Exactly reproduce the lines from the top of the entries below through the line containing "ELYWOOD Black Knit", with both ends included.

______

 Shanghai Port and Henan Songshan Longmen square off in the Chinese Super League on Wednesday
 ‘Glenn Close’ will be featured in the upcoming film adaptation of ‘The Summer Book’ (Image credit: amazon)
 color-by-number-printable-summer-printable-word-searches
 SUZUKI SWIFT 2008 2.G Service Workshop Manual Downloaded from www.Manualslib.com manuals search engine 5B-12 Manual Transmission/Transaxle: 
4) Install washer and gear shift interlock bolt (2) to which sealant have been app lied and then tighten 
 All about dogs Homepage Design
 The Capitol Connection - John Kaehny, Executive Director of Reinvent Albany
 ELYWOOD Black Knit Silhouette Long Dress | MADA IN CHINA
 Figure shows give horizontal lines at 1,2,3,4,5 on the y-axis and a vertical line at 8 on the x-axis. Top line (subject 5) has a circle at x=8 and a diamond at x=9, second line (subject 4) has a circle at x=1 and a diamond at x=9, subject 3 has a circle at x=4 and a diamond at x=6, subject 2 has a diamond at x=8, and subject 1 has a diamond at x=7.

______

=== Response below ===
 Shanghai Port and Henan Songshan Longmen square off in the Chinese Super League on Wednesday
 ‘Glenn Close’ will be featured in the upcoming film adaptation of ‘The Summer Book’ (Image credit: amazon)
 color-by-number-printable-summer-printable-word-searches
 SUZUKI SWIFT 2008 2.G Service Workshop Manual Downloaded from www.Manualslib.com manuals search engine 5B-12 Manual Transmission/Transaxle: 
4) Install washer and gear shift interlock bolt (2) to which sealant have been app lied and then tighten 
 All about dogs Homepage Design
 The Capitol Connection - John Kaehny, Executive Director of Reinvent Albany
 ELYWOOD Black Knit Silhouette Long Dress | MADA IN CHINA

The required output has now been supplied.